You are viewing a plain text version of this content. The canonical link for it is here.
Posted to user@uima.apache.org by Samudra Banerjee <sa...@gmail.com> on 2014/02/02 02:22:02 UTC
Serializing multiple JCas objects to a single file
Hi Experts,
I have a scenario where processing a wikipedia XML dump generates a huge
number of JCas objects (~1 million), one per page. I want to serialize
these JCas objects for later use, but generating 1 million different
files will take a toll on the system. So I was wondering if there was a
way to serialize multiple JCas objects to a single file for later
retrieval. Any idea if this can be achieved?
Thanks and Regards,
Samudra
--
*Samudra Banerjee*
First Year Graduate Student
Department of Computer Science
State University of New York
Stony Brook, NY 11790
631-496-6939
Re: Serializing multiple JCas objects to a single file
Posted by Samudra Banerjee <sa...@gmail.com>.

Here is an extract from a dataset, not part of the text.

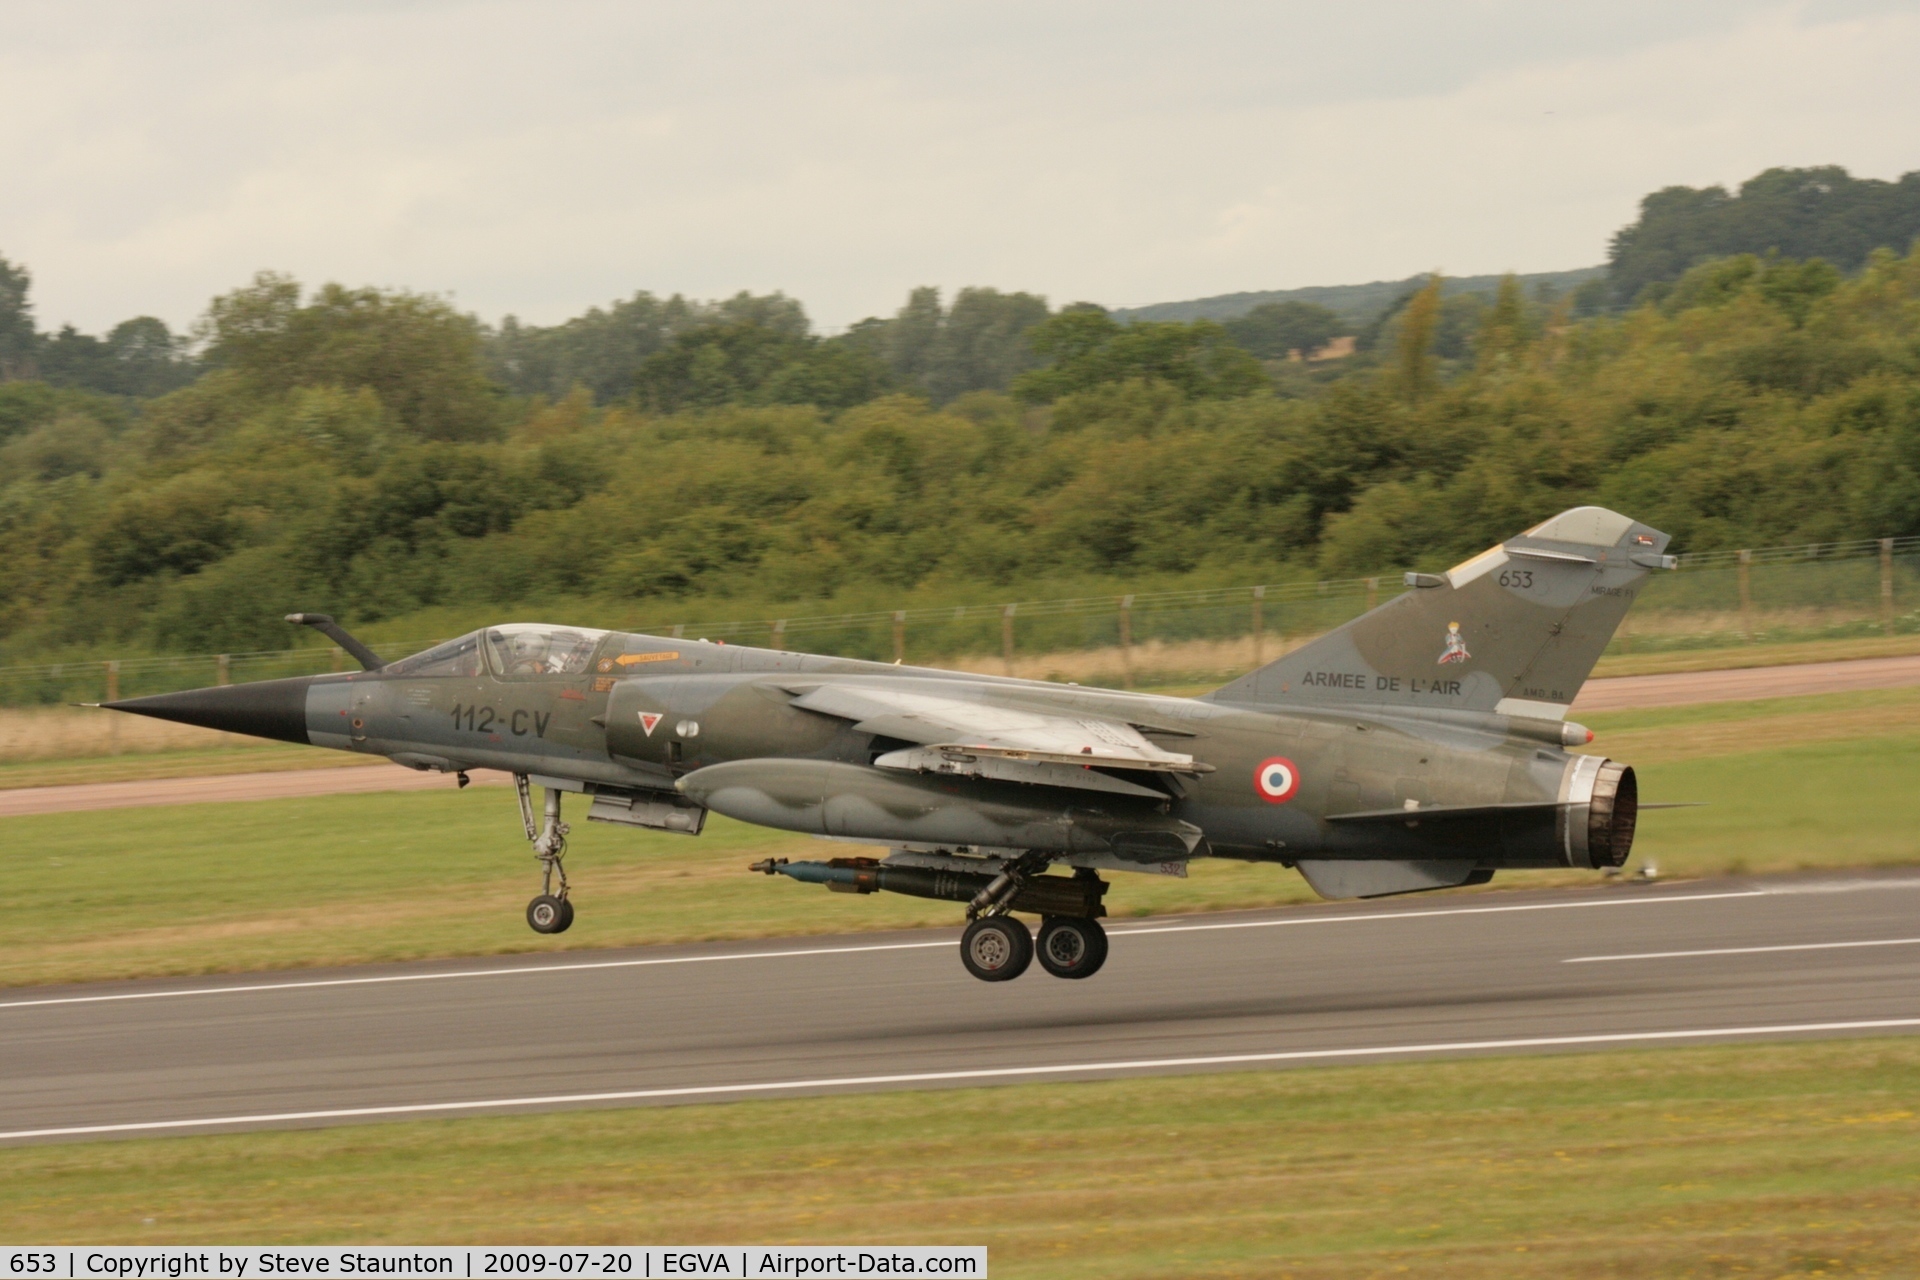 653, Dassault Mirage F.1CR C/N 653, Taken at the Royal International Air Tattoo 2009
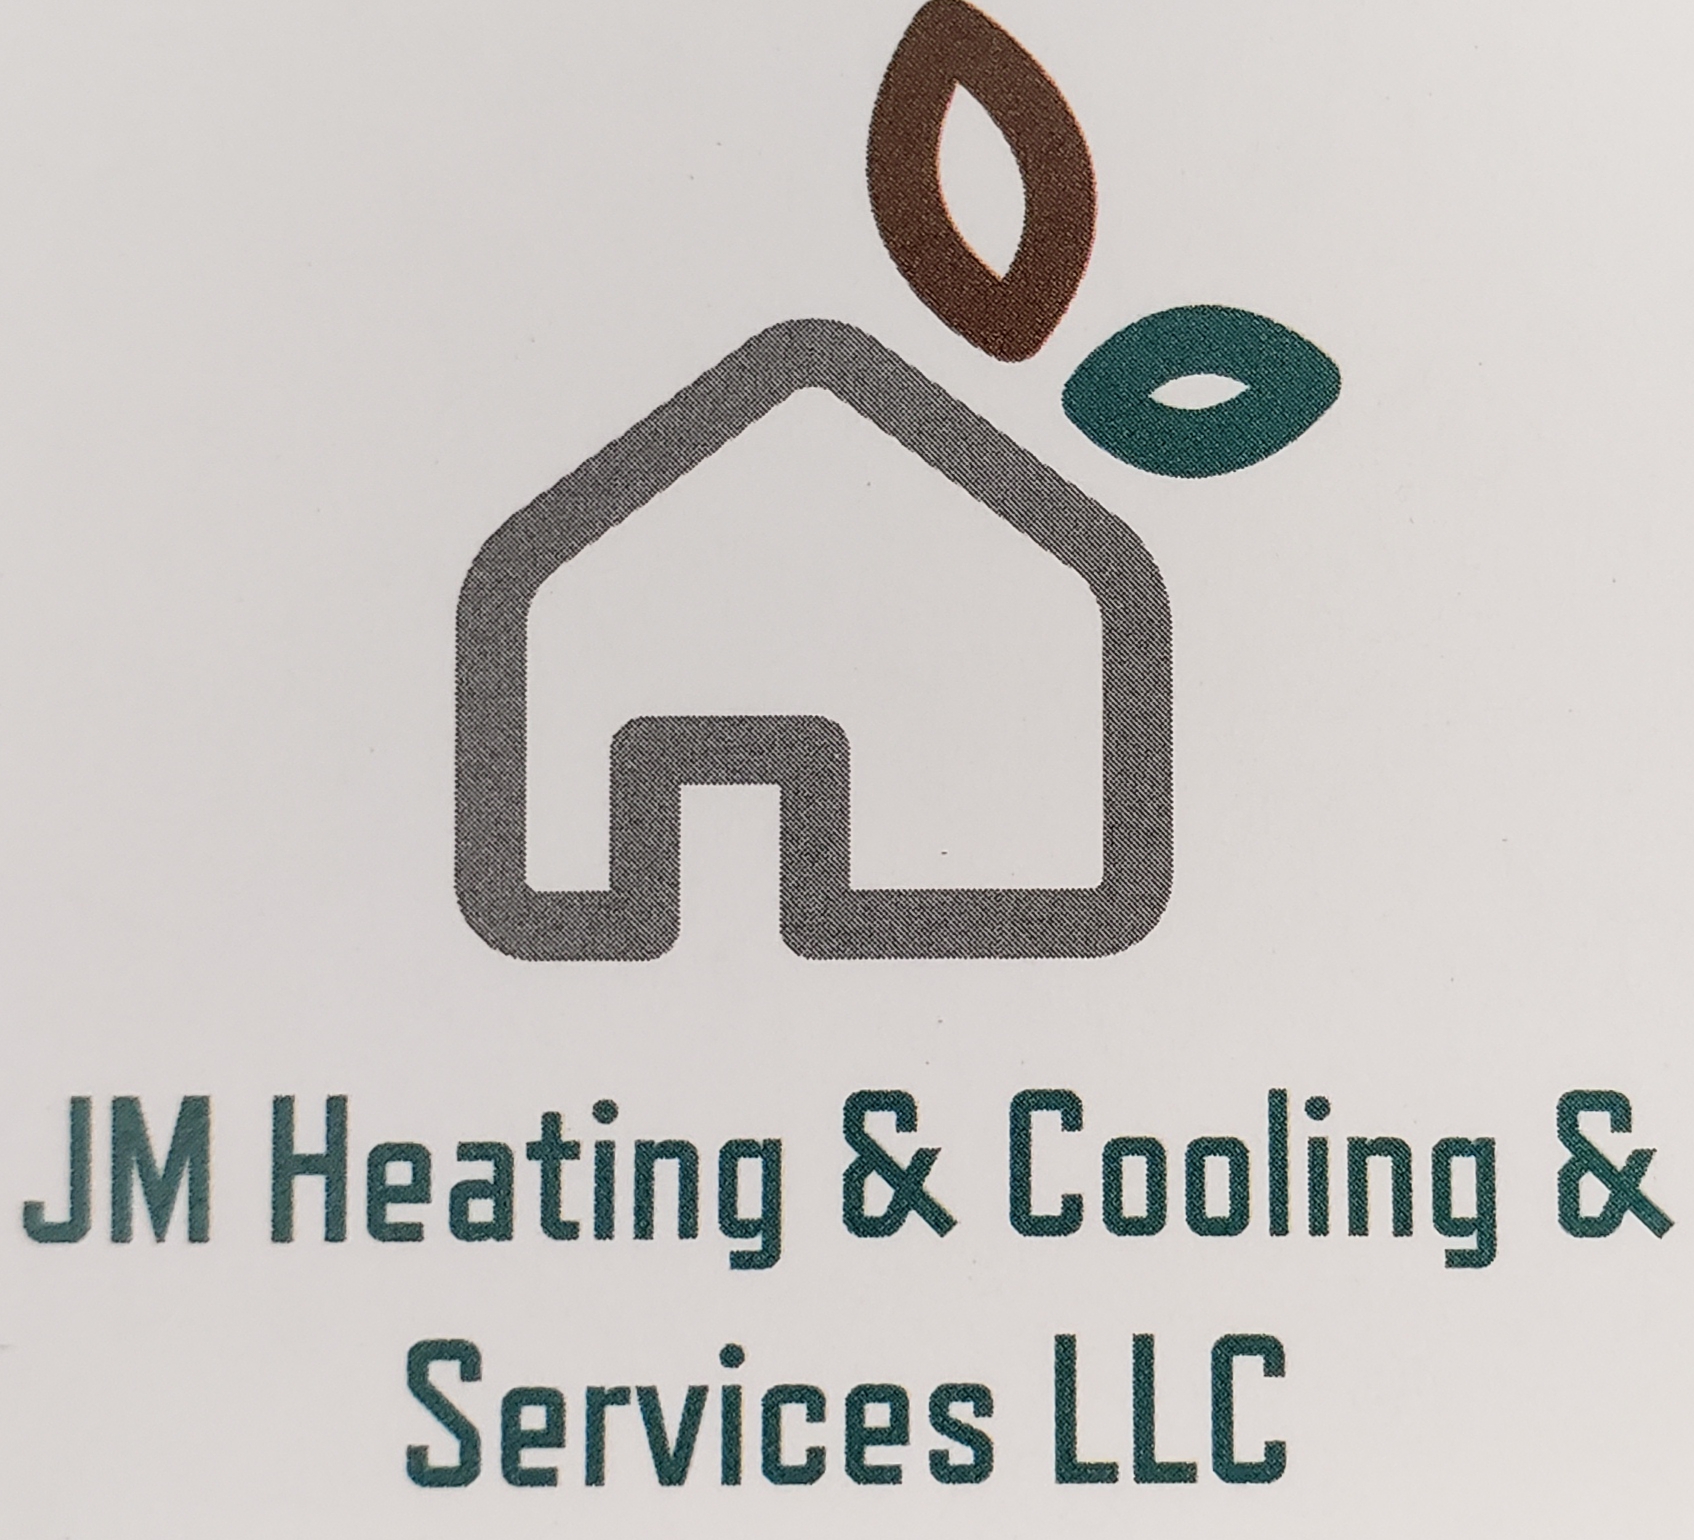 J M Heating & Cooling

Thanks Massimo. Great idea indeed. However in my current scenario, I
cannot use a database. So I think as of now I should stick with the idea
to store them in zipped format :)
*Samudra Banerjee*
First Year Graduate Student
Department of Computer Science
State University of New York
Stony Brook, NY 11790
631-496-6939
On 2/2/2014 1:48 AM, Massimo Nicosia wrote:
> An alternative could be serializing the XML content into a String and
> saving it in a database or a fast key-value store.
>
> I have used code like this:
>
> ByteArrayOutputStream out = new ByteArrayOutputStream(1024);
> XmiCasSerializer ser = new
> XmiCasSerializer(cas.getTypeSystem());
> ser.serialize(cas.getCas(), (new XMLSerializer(out,
> false)).getContentHandler());
> out.close();
> String xmlContent = out.toString();
>
> Best,
> Massimo
>
>
>
> On Sun, Feb 2, 2014 at 4:22 AM, Samudra Banerjee <sa...@gmail.com> wrote:
>
>> Hi Experts,
>>
>> I have a scenario where processing a wikipedia XML dump generates a huge
>> number of JCas objects (~1 million), one per page. I want to serialize
>> these JCas objects for later use, but generating 1 million different files
>> will take a toll on the system. So I was wondering if there was a way to
>> serialize multiple JCas objects to a single file for later retrieval. Any
>> idea if this can be achieved?
>>
>> Thanks and Regards,
>> Samudra
>> --
>>
>> *Samudra Banerjee*
>> First Year Graduate Student
>> Department of Computer Science
>> State University of New York
>> Stony Brook, NY 11790
>> 631-496-6939
>>
>>
Re: Serializing multiple JCas objects to a single file
Posted by Massimo Nicosia <m....@gmail.com>.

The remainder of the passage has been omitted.